Glue & Screw a Support Block to the End Plates and Base (Figure 23).  The screws will be driven in from the far side of the End Plates and the underside of the Base.

Place the Regulator on the Base, and position the Hold Down Plate over the Regulator.  Push this assembly towards the End Plates (Figure 24) so that the Regulator is firmly against the Support Block glued in place in Figure 23.  Position the front Support Block under the Hold Down Plate, and clamp everything in place (the clamp is absent from the photo).

Drill holes in the corners of the Hold Down Plate and screw it down.  DO NOT USE GLUE on the Hold Down Plate as you'll want to remove it to service the Regulator at some point.

 

Drill holes to take screws from the underside of the Base into the front Support Block.  Do not screw these pieces together yet.
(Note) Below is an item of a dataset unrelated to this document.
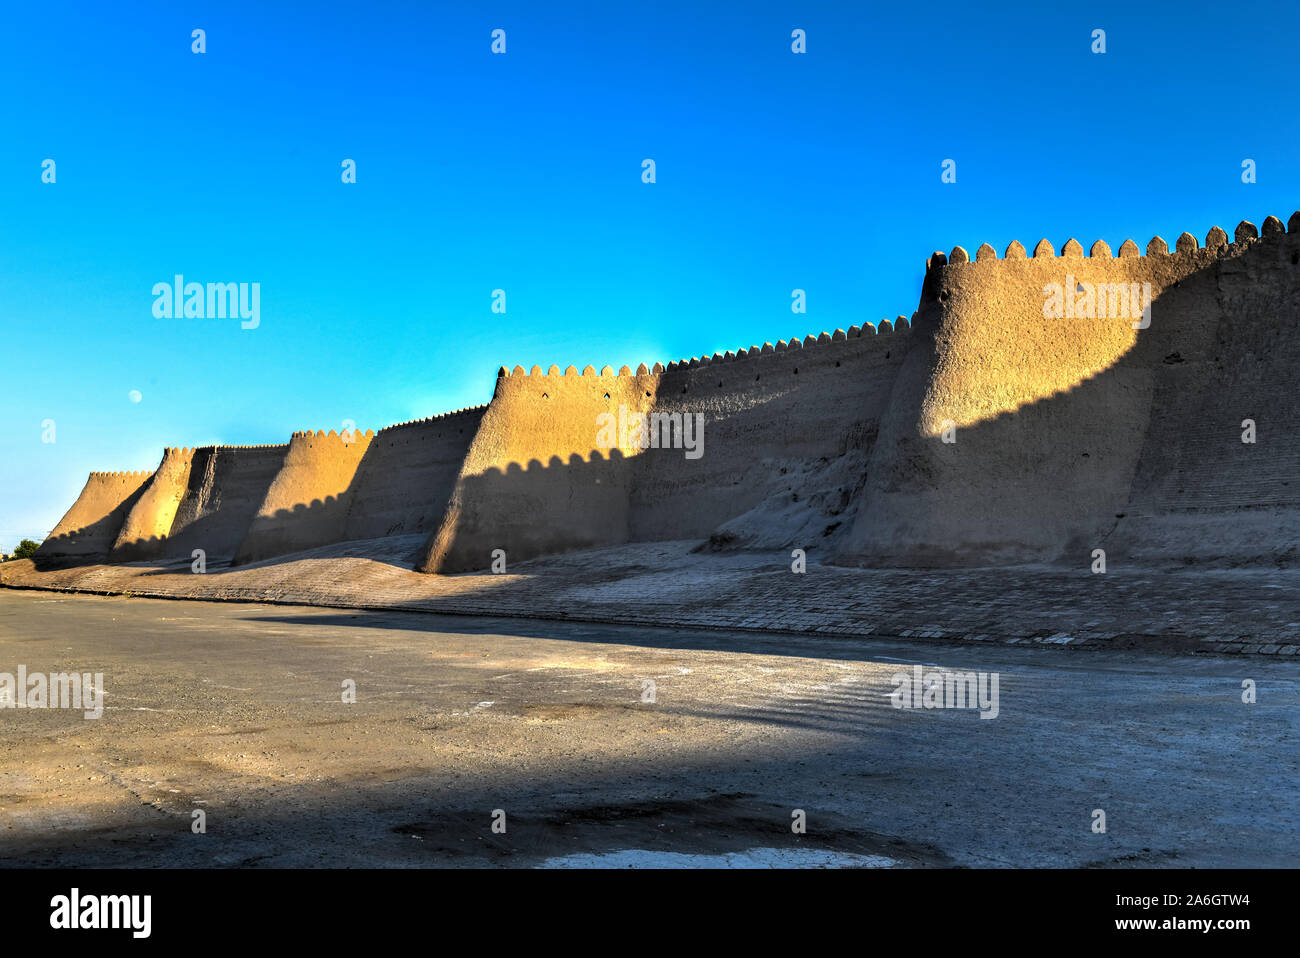 Wall of Itchan Kala (Ichon Qala) - Khiva (Chiva, Heva, Xiva, Chiwa, Khiveh) - Xorazm Province - Uzbekistan - Town on the silk road in Central Asia. Stock Photo

Remove the Hold Down Plate and the front Support Block.  Then re-mount the front Support Block with glue, and screw it down to the Base from the underside using the holes you just drilled.

Now re-attach the Hold Down Plate.   Check that there is little to no movement of the Regulator in relation to the Base.

Turn the whole assembly so that it is laying on the End Plates.  Mount a large metal Hinge on to the end plates using 1/4-20 bolts, as shown in Figure 25 and 26.

 

Figure 26
Figure 27

Cut the 3/8" bolt so that only the non-threaded part remains.  This is now the Pin.  Round off the cut so that it matches the shape of the T-screw removed in Figure 1.

Drop the Pin into the Metal Insert of the Regulator (Figure 26) and check that it is free to slide up and down without catching.  From time to time this point will need to be lubricated.

Round the hex-head of the Pin as shown in Figure 27.  I did this on my lathe, but it can be done on a drill press, or even "free hand" with a file or a grinder.

 

Notice the Epoxy around the top of the Pastic Housing/Metal Insert interface in Figure 27.  Over time the lateral forces of the Pin will deform the Plastic Housing, and it will eventually need to be repaired and ultimately replaced.  I've found the life span on these is in excess of 5 years.  Usually the regulator as a whole need replacing anyway before this deformation becomes a serious issue.

The only real fix for this is to design a proper piston-style assembly to reduce the lateral strain on the Pin where it passes through the Metal Insert.

 

Figure 28

Lastly, mount a 12" - 18" section of 2x4 to the top of the Hinge using 1/4-20 bolts, as shown in Figure 28.

 

You're Finished!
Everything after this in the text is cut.